The output from check_openmanage contains multiple lines separated by HTML linebreaks (<br/>) if run as a command within Nagios, via NRPE etc. If run from a console which has a TTY, i.e. if you log in via SSH or similar and run check_openmanage manually, the linebreaks will be regular linebreaks.

Nagios 3.x allows the following option in cgi.cfg:

# ESCAPE HTML TAGS
# This option determines whether HTML tags in host and service
# status output is escaped in the web interface.  If enabled,
# your plugin output will not be able to contain clickable links.

escape_html_tags=1

The default, as seen above in the sample cgi.cfg from the distribution, is that HTML tags are escaped. My advice is to turn this off. If not, you will see output like this in your Nagios console:

Blade subsystem health status is Critical<br/>Global system health status is Critical

instead of this:

Blade subsystem health status is Critical
Global system health status is Critical

With Nagios 3.x, plugins are allowed to output multiple lines with regular linebreaks, but only the first line is shown in the web interface (status.cgi).

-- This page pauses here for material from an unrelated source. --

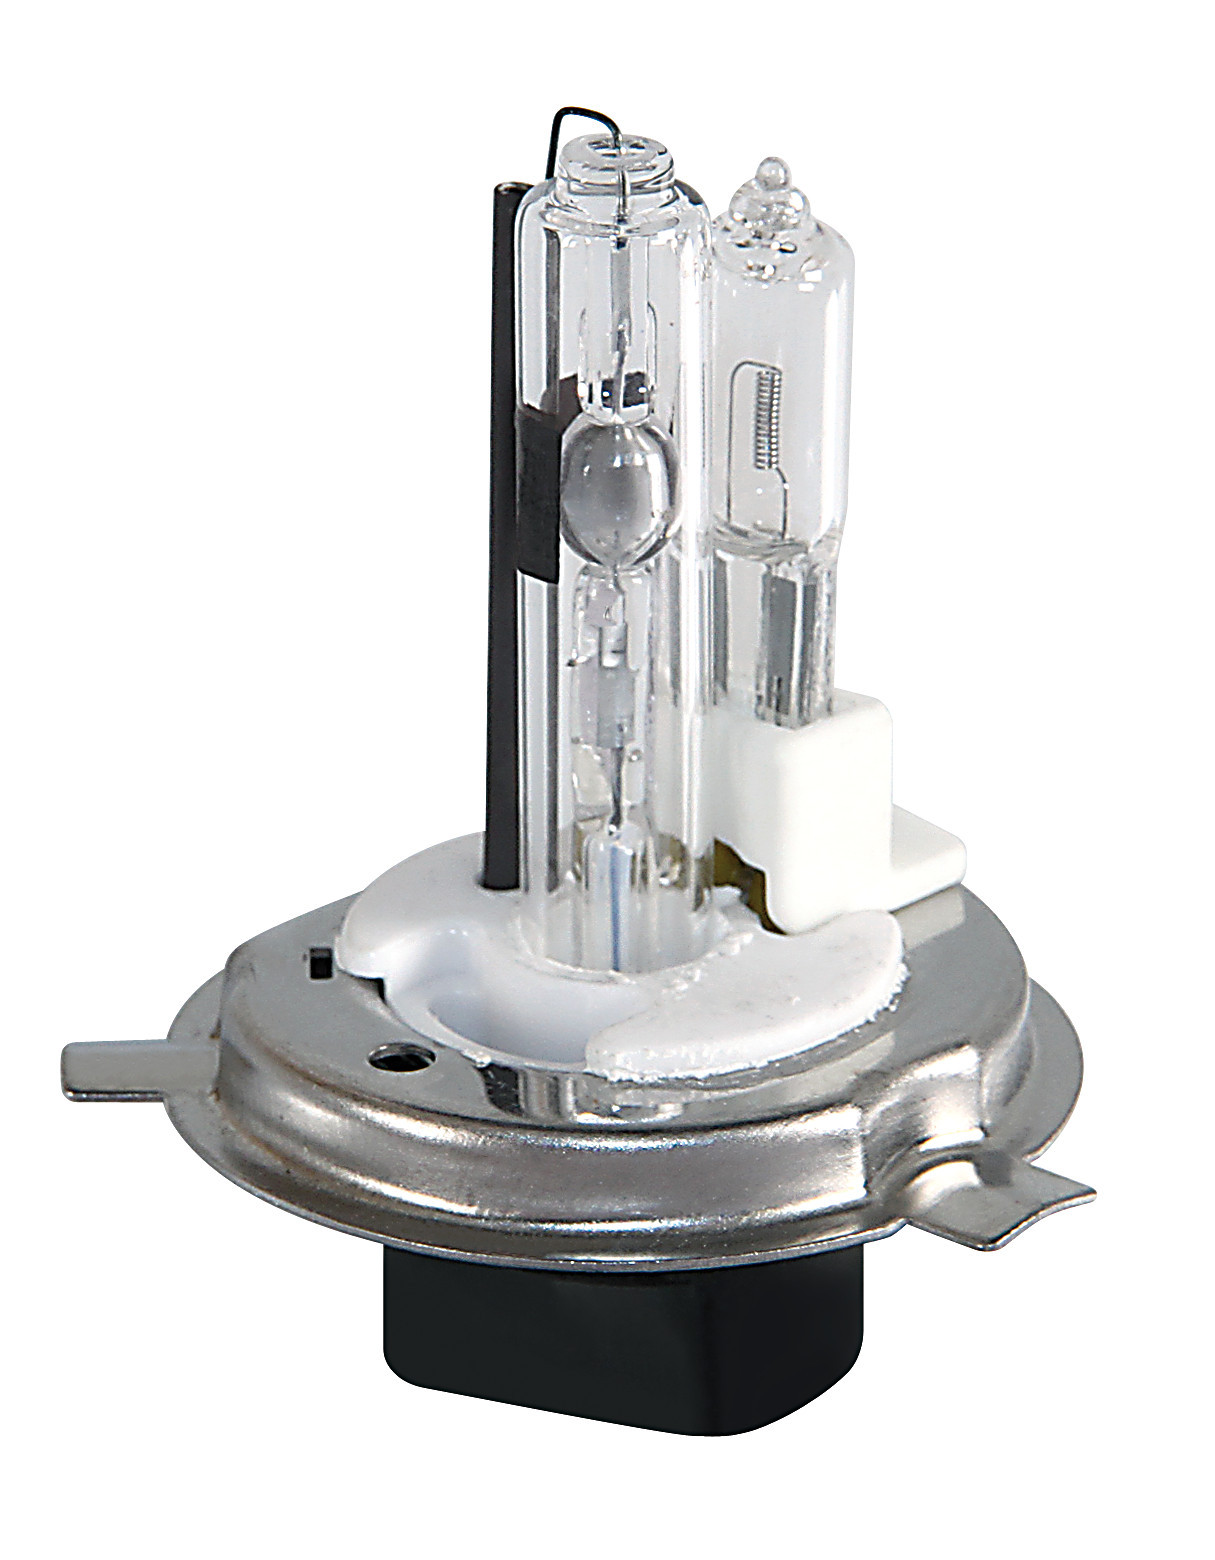 Bec Xenon H.I.D. Lampa H4 dublu 12V - 8000K - 1buc rez. thumb

4.4   Full usage information

Usage information gathered with check_dell_bladechassis -h:

Usage: check_dell_bladechassis -H <HOSTNAME> [OPTION]...

OPTIONS:
   -H, --hostname      Hostname or IP of the enclosure
   -C, --community     SNMP community string
   -P, --protocol      SNMP protocol version
   --port              SNMP port number
   -p, --perfdata      Ouput performance data
   -t, --timeout       Plugin timeout in seconds
   -i, --info          Prefix any alerts with the service tag
   -e, --extinfo       Append system info to alerts
   -s, --state         Prefix alerts with alert state
   --short-state       Prefix alerts with alert state (abbreviated)
   -d, --debug         Debug output, reports everything
   -h, --help          Display this help text
   -V, --version       Display version info

For more information and advanced options, see the manual page.

5   Performance data

check_dell_bladechassis will output performance data if the --perfdata or -p option is used. Performance data is only available on the M1000e enclosure. An example graph using PNP4Nagios is given below.

pnp4nagios

The template used to generate these graphs are available here: check_dell_bladechassis.template. Right-click on the link and choose "Save As". Rename to check_dell_bladechassis.php.

Note

The PNP4Nagios template is included in the tarball and zip archive.

6   Download

6.2   Changelog / Old versions

Version Date Changes
1.0.0 2009-08-04
  • Initial release

7   Reporting bugs, proposing new features etc.

Please let me know if you are experiencing bugs, have feature requests, or suggestions on how to improve check_dell_bladechassis. We use this plugin in production at the University of Oslo, but we don't use all the different features of the plugin. While the plugin is bug-free for us, it might not be for you, so let me know if you have problems.

Please send bug reports or feature requests to the Nagios users mailing list. I read postings to this list frequently:

nagios-users@lists.sourceforge.net

You can also email me directly, but then other users won't benefit from the discussion. Unless you have security issues or other concerns are preventing you from using the mailing list, it is better to discuss problems in a public forum.

Depending on the time of day etc., you can also reach me on IRC, as trondham on the #nagios channel on Freenode.

8   Disclaimer

This is free software. Use at your own risk.